──────── DATA BLOCK ────────
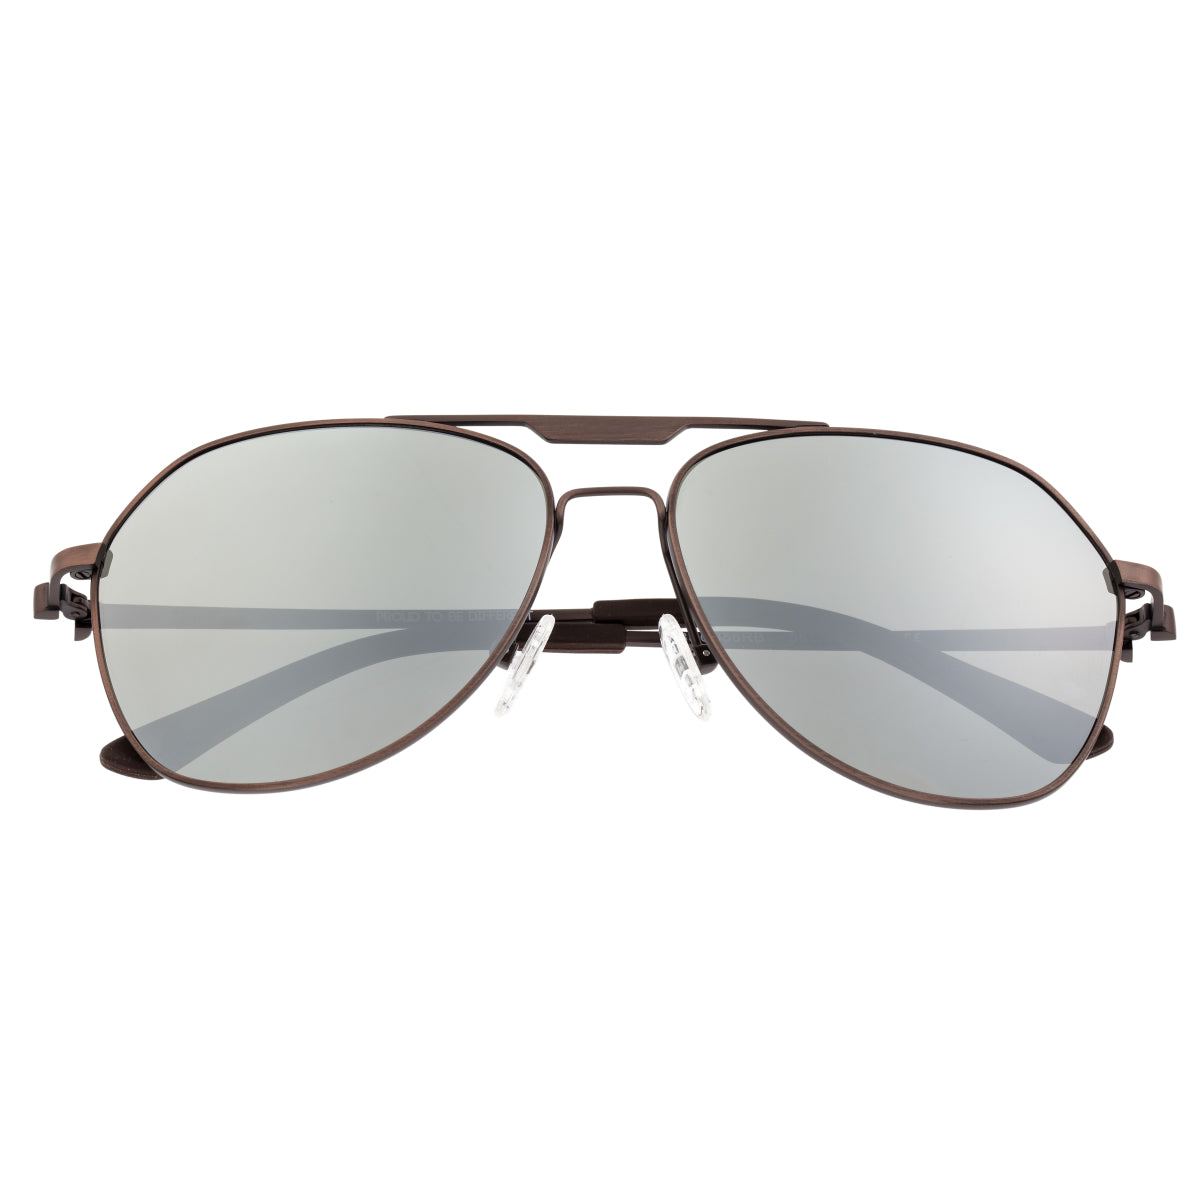 Breed Mount Titanium Polarized Sunglasses - Brown/Silver - BSG056RB
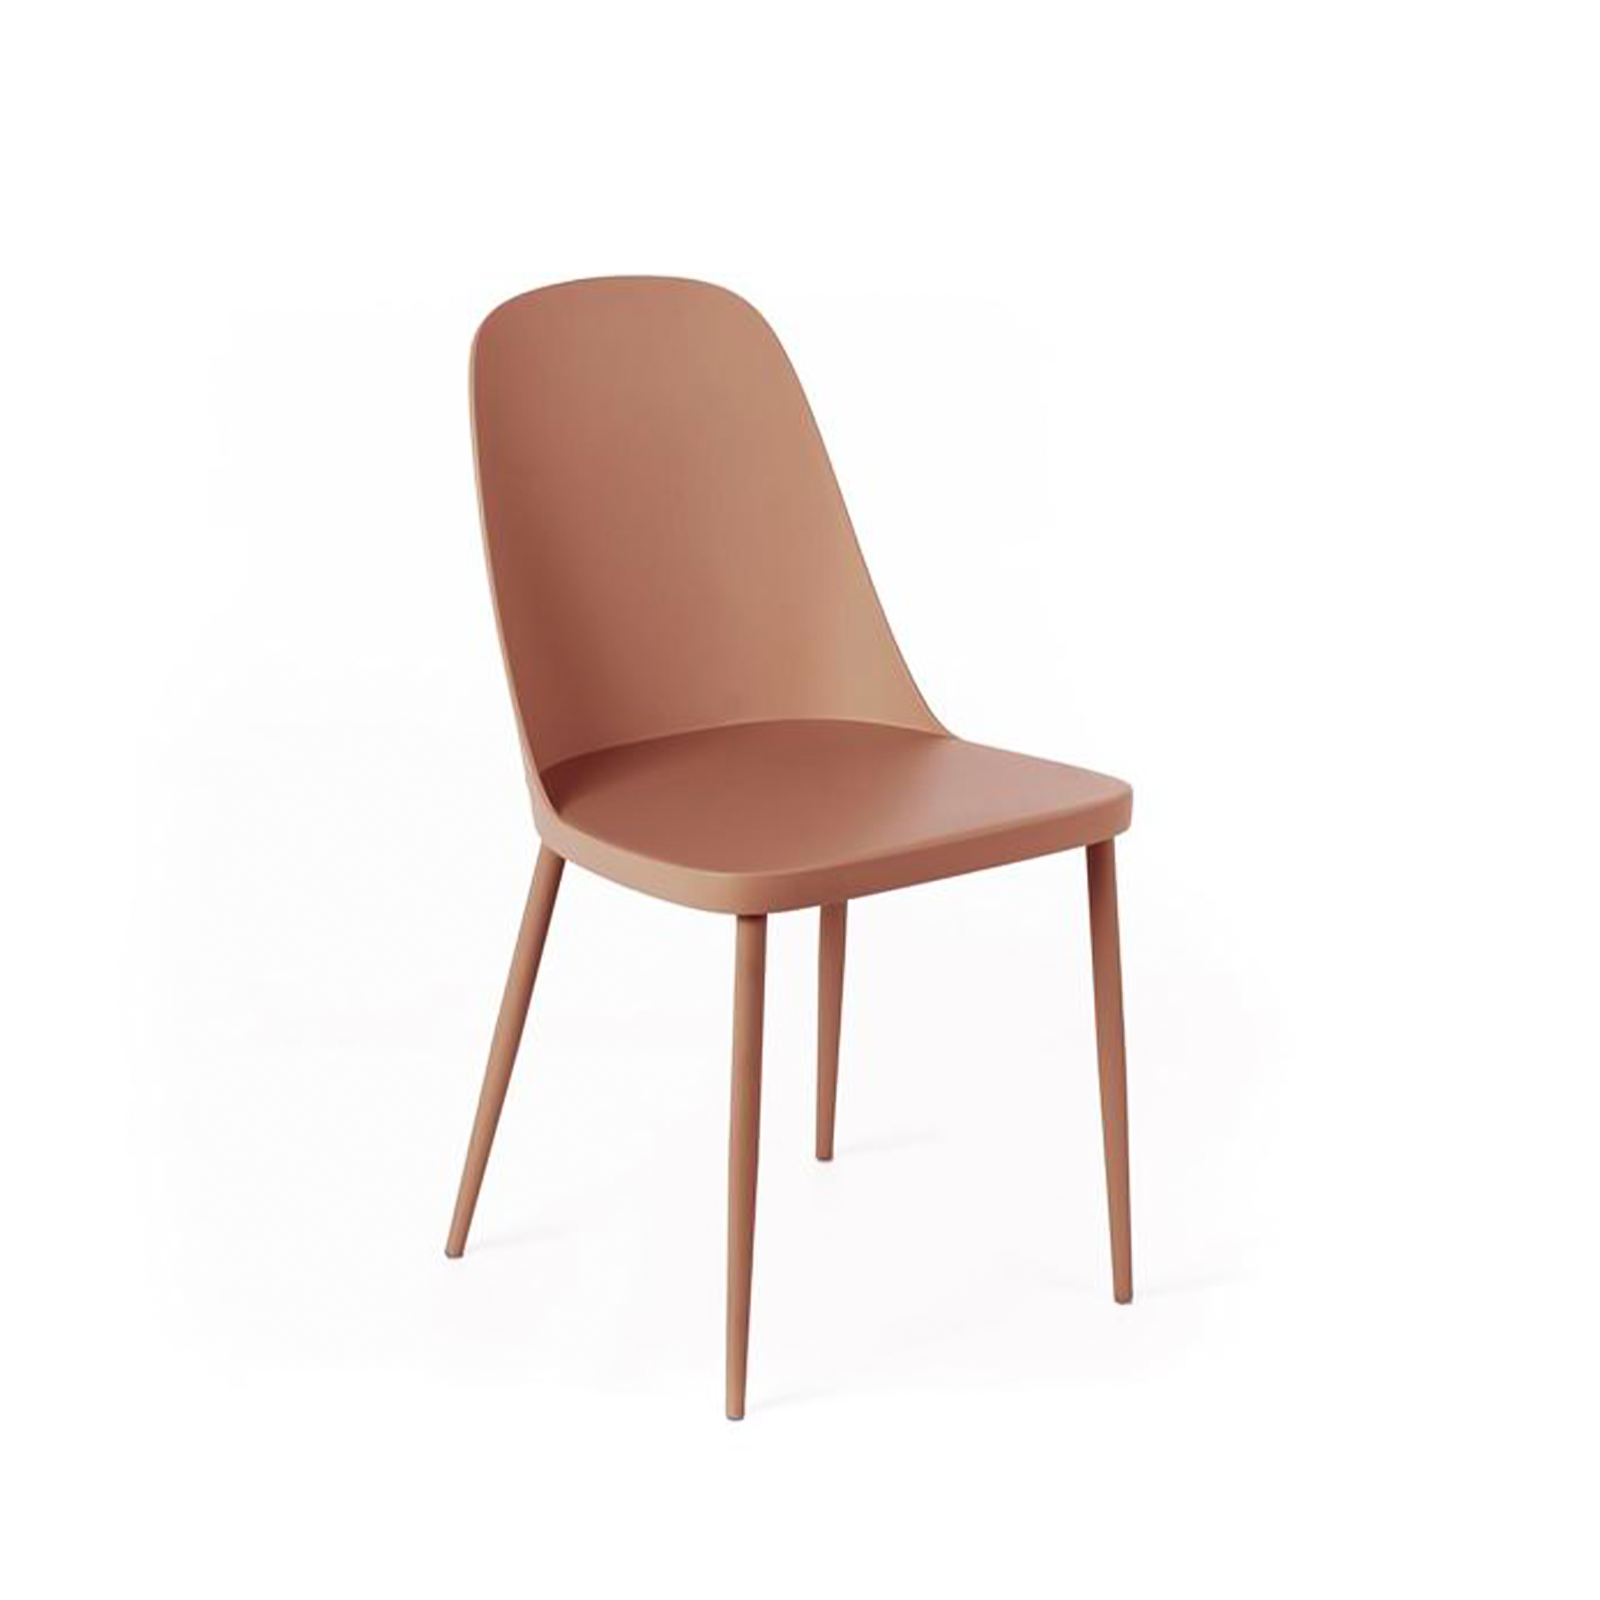 Set di sedie moderne in polipropilene "Paola" con gambe in metallo verniciato
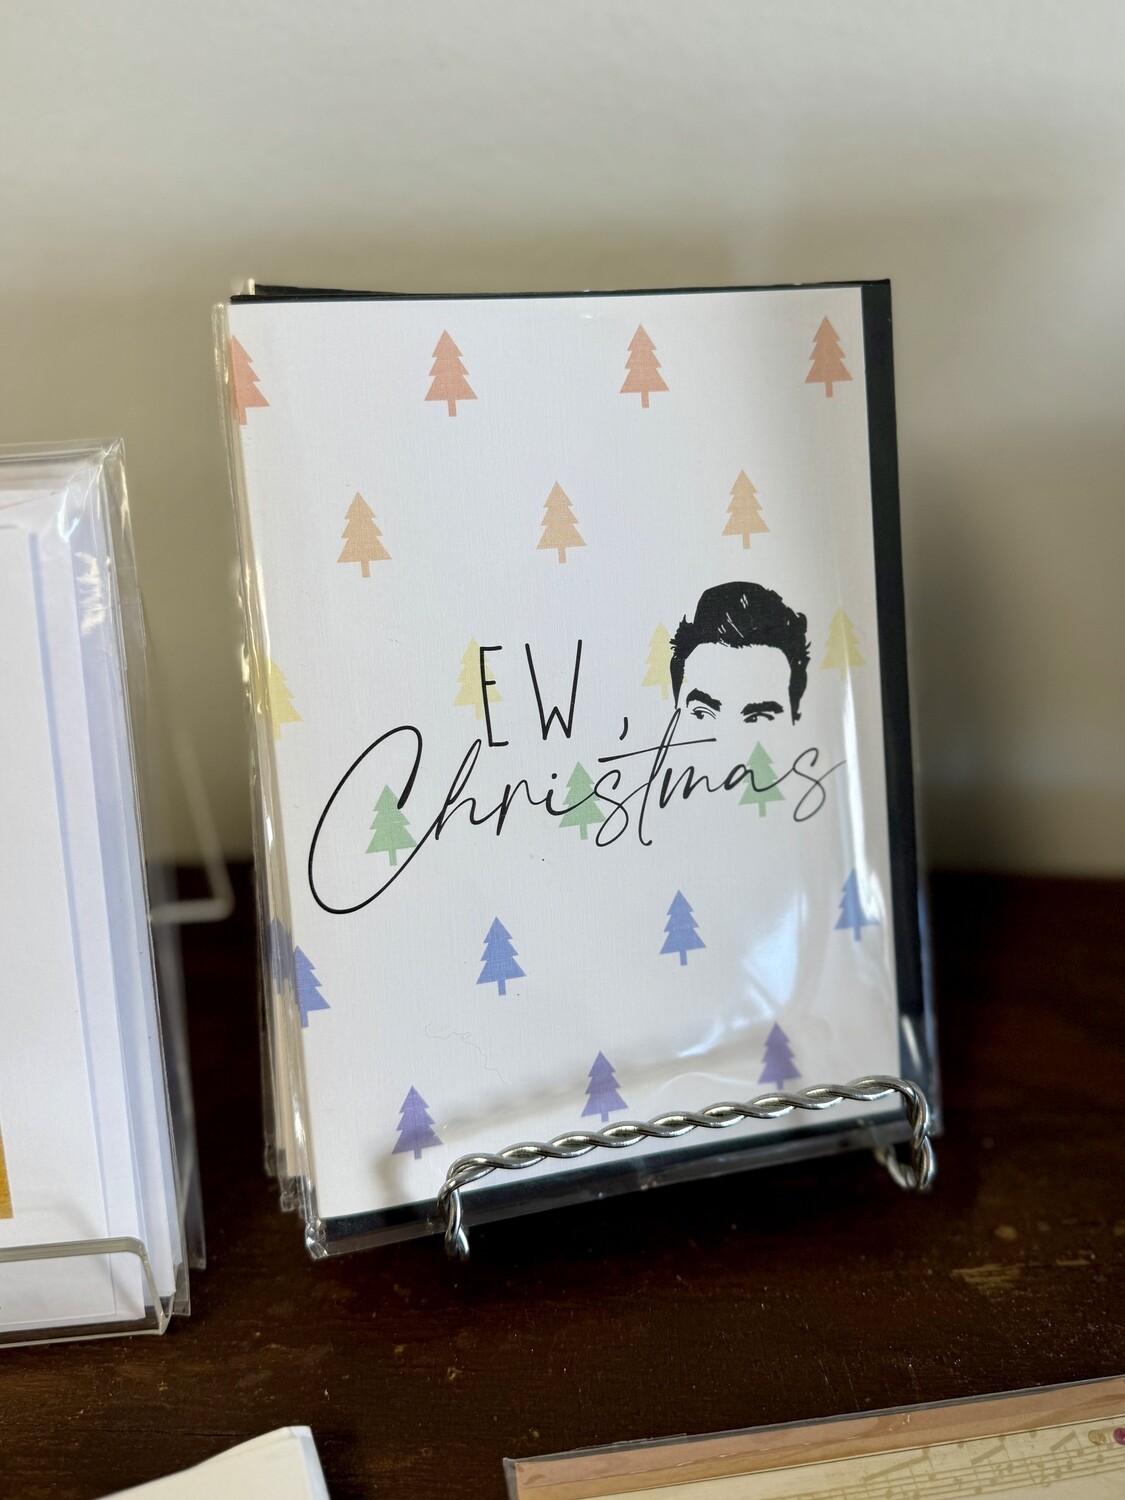 Schitt's Creek Ew, Christmas Greeting Card
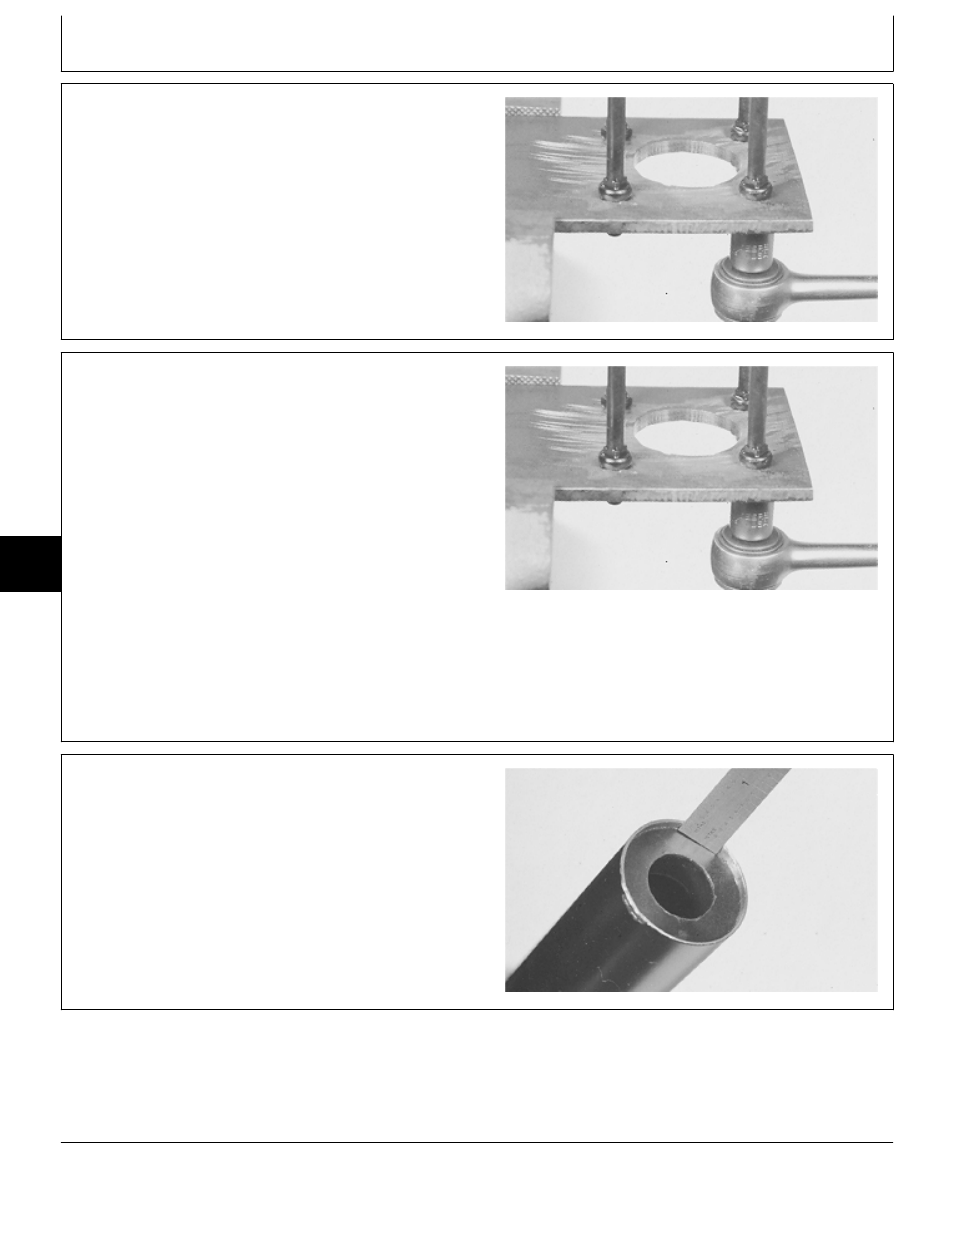 Assemble steering valve and column | John Deere 318 User Manual | Page 162 / 440
────────
WHAT THE EXERCISE ASKS –
Restate each line above exactly, keeping pictures out.

WORKED SOLUTION –
 Breed Mount Titanium Polarized Sunglasses - Brown/Silver - BSG056RB
 Set di sedie moderne in polipropilene "Paola" con gambe in metallo verniciato
 Schitt's Creek Ew, Christmas Greeting Card
 Assemble steering valve and column | John Deere 318 User Manual | Page 162 / 440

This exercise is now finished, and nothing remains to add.